A more sophisticated transformation: software pipelining overlaps the execution of multiple iterations within a single loop body. Each iteration's first operation overlaps with the previous iteration's second, and the previous-previous iteration's third, and so on, like an instruction-level pipeline written into the program text.

// original
for (int i = 0; i < n; i++) {
    int t = load(a + i);
    int u = compute(t);
    store(b + i, u);
}

// software pipelined (sketch)
int t0 = load(a + 0);            // prologue
int u0 = compute(t0);
int t1 = load(a + 1);
for (int i = 2; i < n; i++) {
    store(b + i - 2, u0);        // store from 2 iters ago
    u0 = compute(t1);             // compute from 1 iter ago
    t1 = load(a + i);             // load this iter
}
store(b + n - 2, u0);            // epilogue
store(b + n - 1, compute(t1));

Each iteration of the steady-state loop now contains a load, a compute, and a store from three different original iterations. The dependencies are between iterations: the store waits for two-iterations-ago's compute, the compute waits for one-iterations-ago's load. The independent operations within each steady-state iteration can run in parallel.

Software pipelining is essential on simple in-order processors that cannot reorder dynamically. On modern OoO processors it is less critical — the hardware does similar reordering automatically — but it still helps by enlarging the effective window of independent work the hardware sees.

Instruction Scheduling

The compiler reorders instructions to fit a model of the target processor's pipeline. Instructions with long latency (loads, divides, FP operations) are scheduled early, so dependent instructions can wait without blocking the pipeline. Independent instructions are placed close together to fill the wide issue slots.

A compiler's instruction-scheduling pass has a model of the target processor — its issue width, its execution-port assignments, its instruction latencies — and it reorders instructions to fit that model. Modern compilers like GCC and LLVM have detailed schedulers for each major target. The output is the same program, expressed in machine instructions that match the target's pipeline.

Vectorization

A loop that performs the same operation on many independent data elements can be transformed to use vector (SIMD) instructions, which operate on multiple data elements per instruction. We will treat vectorization in detail in Chapter 29; for now, note that it is one of the compiler's most powerful tools for extracting parallelism. A loop summing 1000 floats can be transformed to use 8-wide SIMD operations, processing 8 floats per instruction, multiplying throughput by ~8.
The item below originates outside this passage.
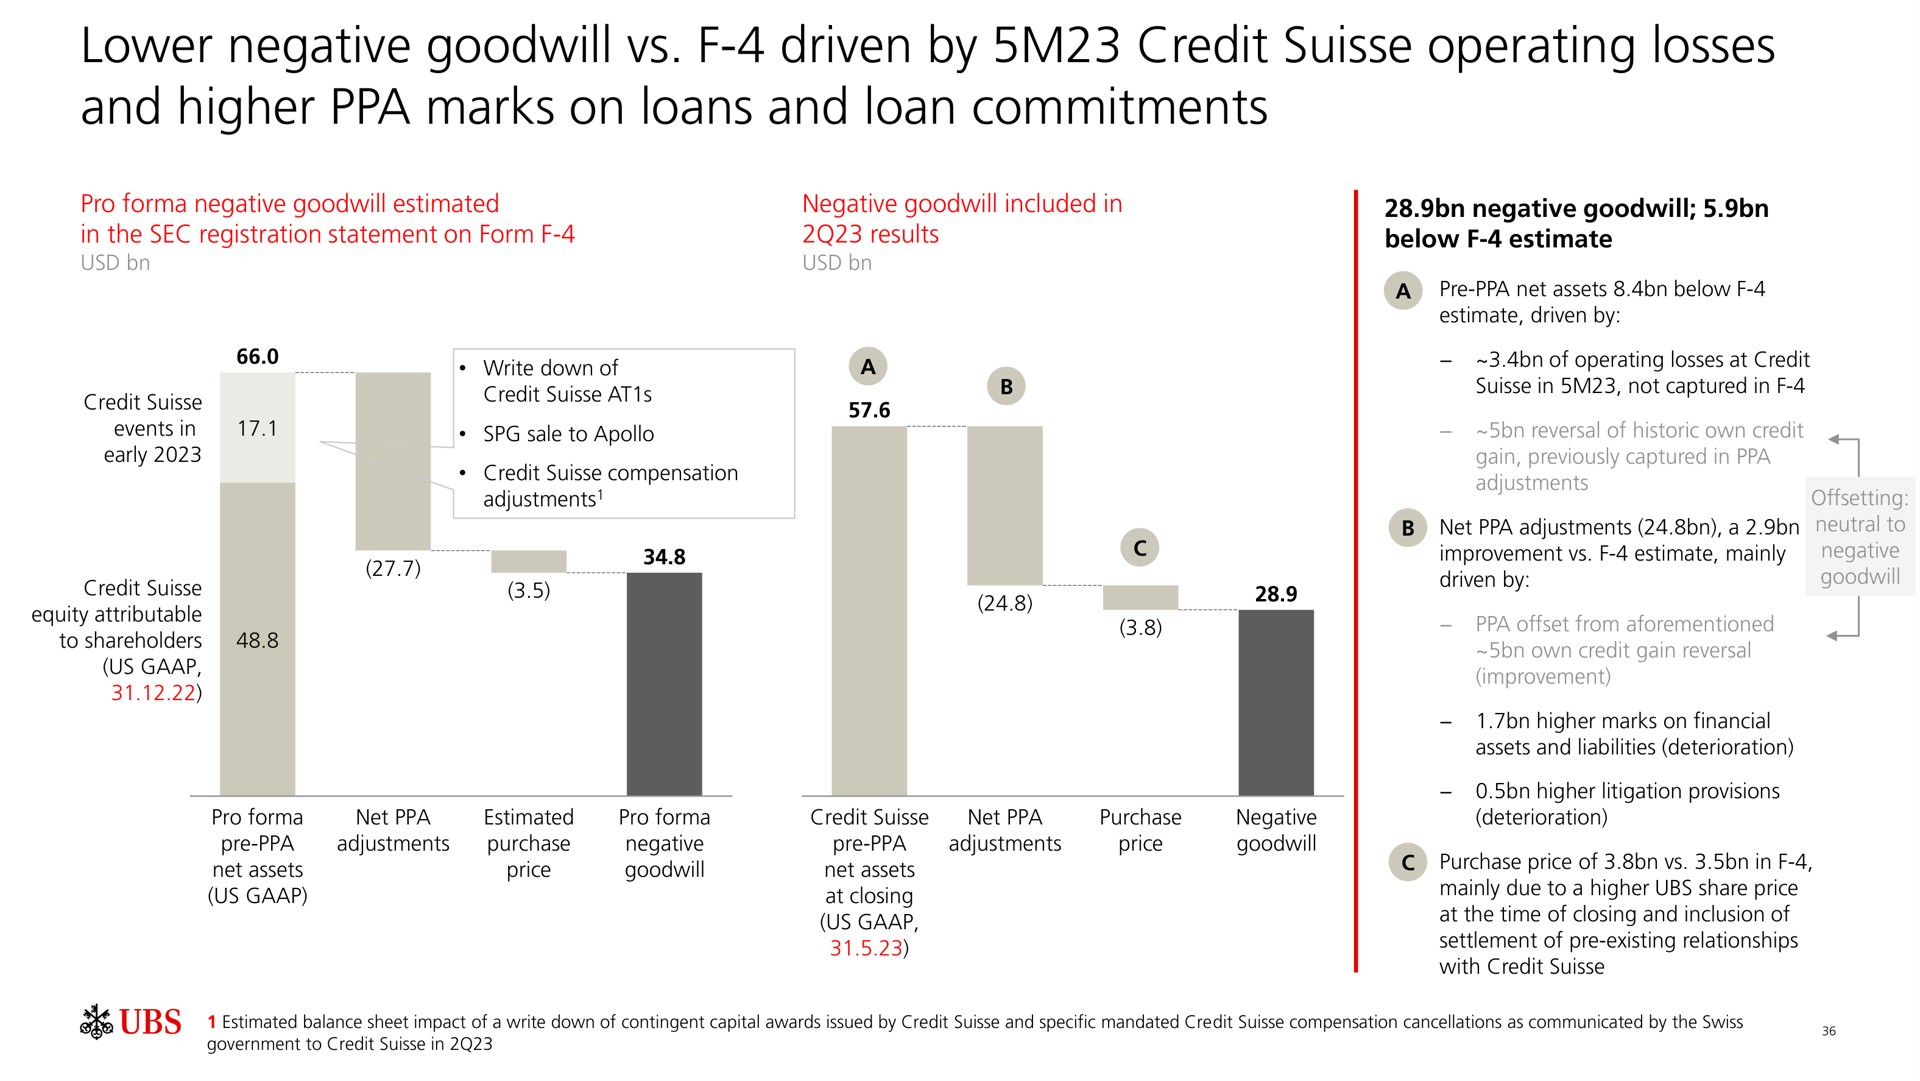 lower negative goodwill driven by credit operating losses and higher marks on loans and loan commitments | UBS

Constant Propagation, Strength Reduction, and Friends

Many compiler optimizations indirectly help ILP by reducing the number of operations or breaking up dependency chains:

Constant propagation replaces a variable known to hold a constant with that constant, often allowing further optimizations.
Strength reduction replaces expensive operations with cheaper equivalents (multiplication by a constant becomes shifts and adds).
Common-subexpression elimination computes a shared value once instead of repeatedly.
Loop-invariant code motion moves code that does not depend on the loop variable out of the loop.

Each of these reduces the work in the program's critical path or shortens dependency chains, both of which improve ILP.

05.Hardware Techniques Beyond Out-of-Order

Out-of-order execution is the dominant ILP-extraction technique, but it is not the only one. Several alternatives have been tried.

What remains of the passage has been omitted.